In the same relative change terms, New York state saw an increase in deaths caused by ischemic heart disease by 1.44 (95% CI: 1.16 to 1.79), New Jersey by 1.45 (95% CI: 1.22 to 1.73), Michigan by 1.23 (95% CI: 1.07 to 1.41), and Illinois by 1.11 (95%CI: 1.04 to 1.19).
The other two states that had early high influx of COVID-19 infections – Louisiana and Massachusetts – did not see a change in cardiovascular deaths.
The researchers did note some limitations to the study, including that data may be incomplete owing to reporting delays, that control group data were missing and that COVID-19 could still have been a contributing cause of death for these cardiovascular cases. The patterns may, in part, reflect the cardiovascular sequelae of undiagnosed COVID-19, they clarified.
However, Wadhera stressed in an accompanying press statement released online on Monday, “Our findings suggest that the pandemic may have had an indirect toll on patients with cardiovascular disease, potentially due to the avoidance of hospitals out of fear of exposure to the virus, increased health care system strain, and the deferral of semi-elective procedures and care.”
Further studies are now needed to clarify the extent to which cardiovascular death rates are affected by hospital avoidance over fear of contracting the virus, deferred outpatient and procedural care, strain imposed on healthcare systems and by disease related to undiagnosed COVID-19 infection, the researchers urged.
“U.S. public health officials and policymakers should improve public health messaging to encourage patients with acute conditions to seek medical care,” Wadhera added.
Editorialists led by Michael N. Young, MD, of Dartmouth-Hitchcock Medical Center, New Hampshire, commended the researchers for the data.
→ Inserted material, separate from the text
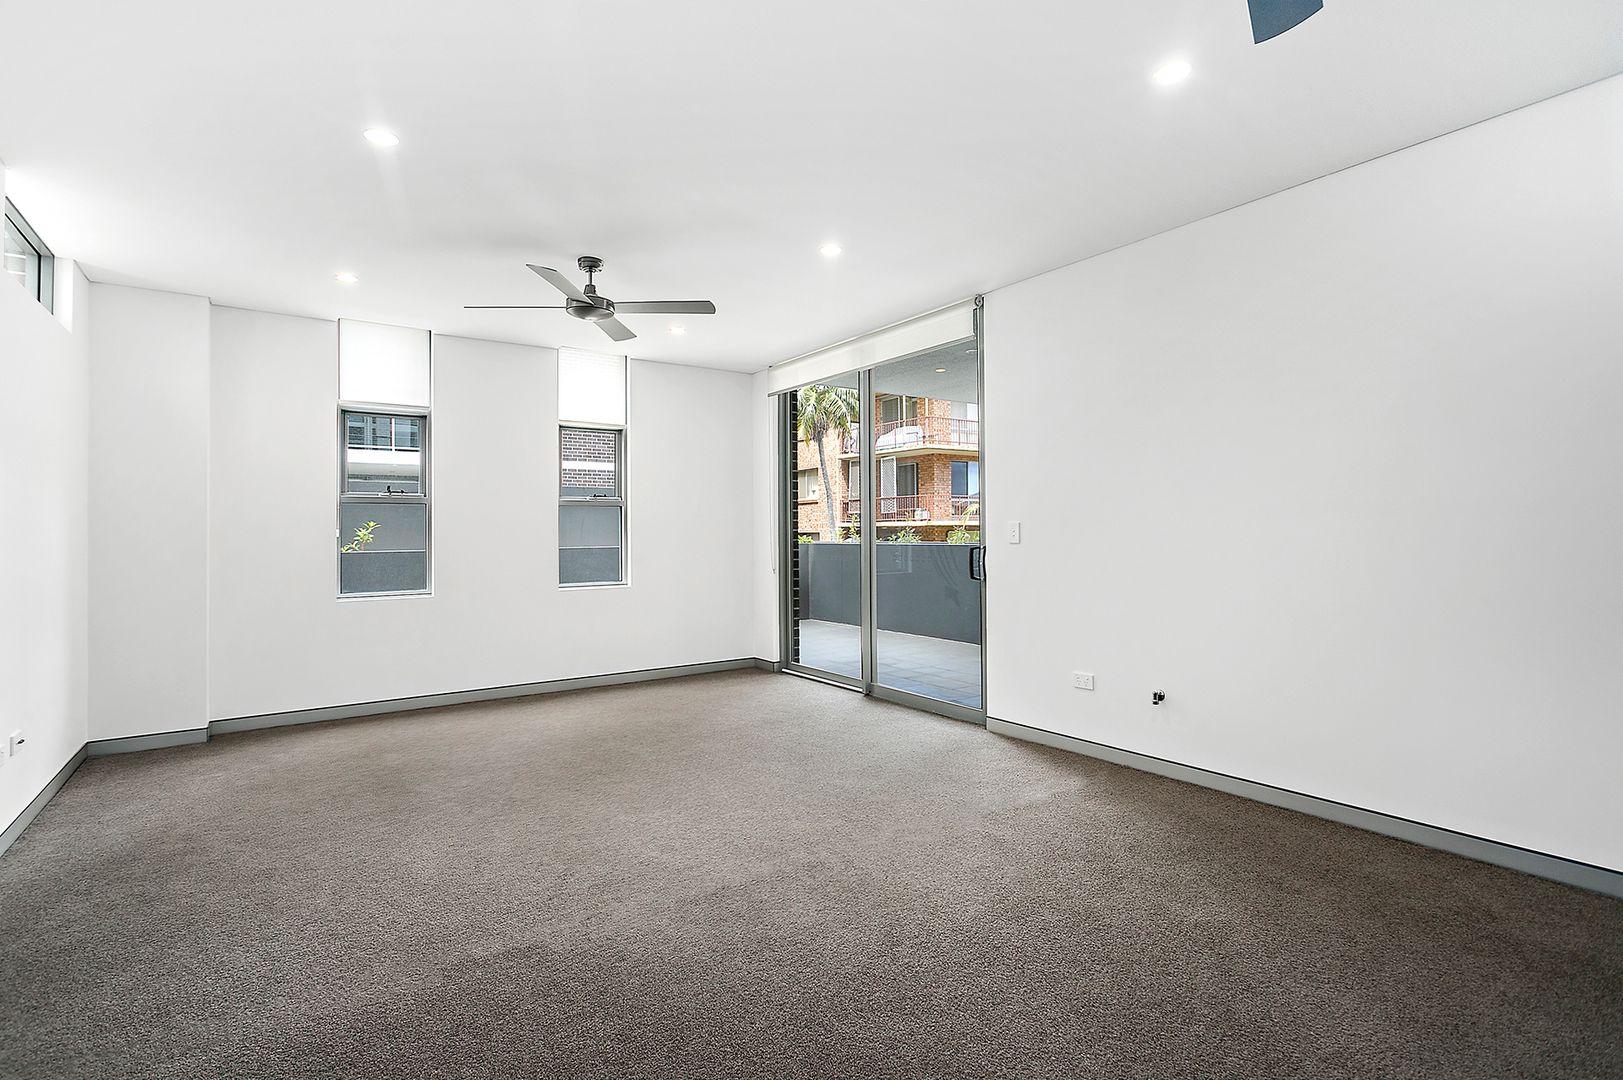 B101/24 Kembla Street, Wollongong NSW 2500, Image 2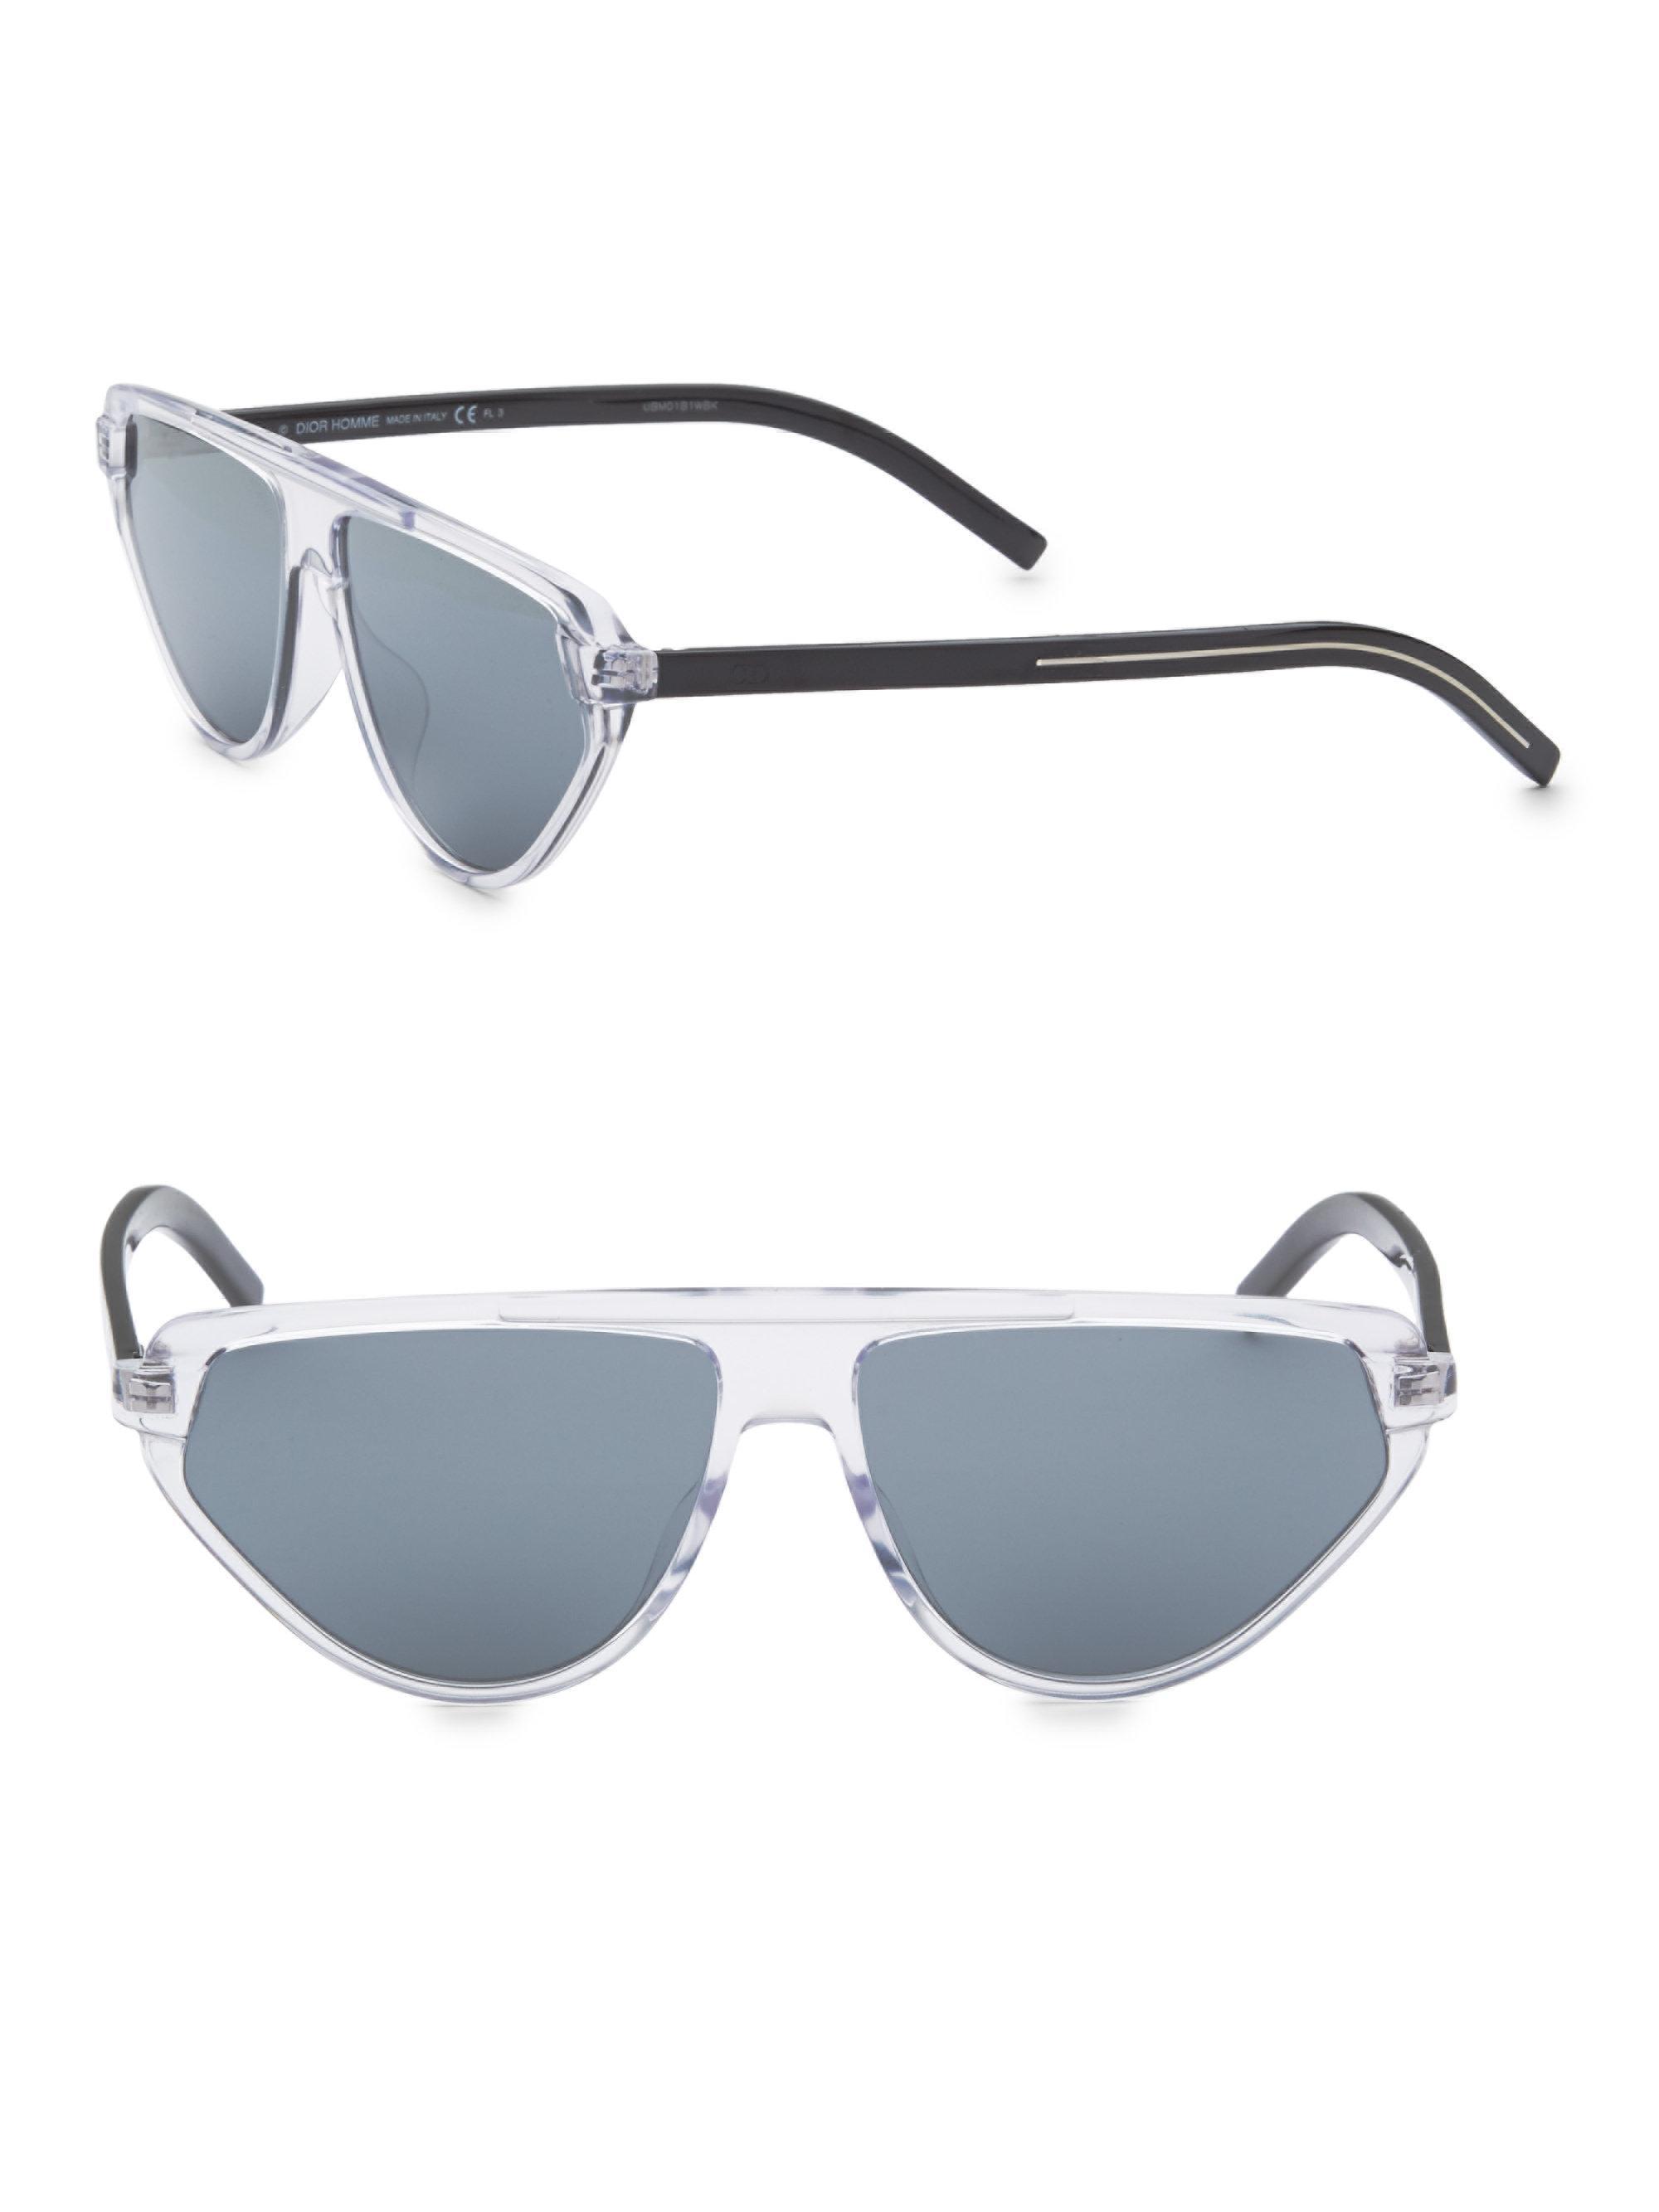 97d521e2bbd Dior Homme 60mm Aviator Sunglasses for Men - Lyst

“Prolonged delays in outpatient testing, procedures, and follow-up may impose unanticipated burdens on the access to and delivery of care with uncertain long-term implications,” they said in an accompanying editorial.
“It is possible that we will inherit a population of COVID survivors with long-term lung injury, cardiomyopathy, and venous thromboembolic disease.”
Wadhera RK, Shen C, Gondi S, et al. Cardiovascular Deaths During the COVID-19 Pandemic in the United States. J Am Coll Cardiol 2021;77:159-69.
Young MN, Iribarne A, Malenka D. COVID-19 and Cardiovascular Health: This Is a Public Service Announcement. J Am Coll Cardiol;2021;77:170-2.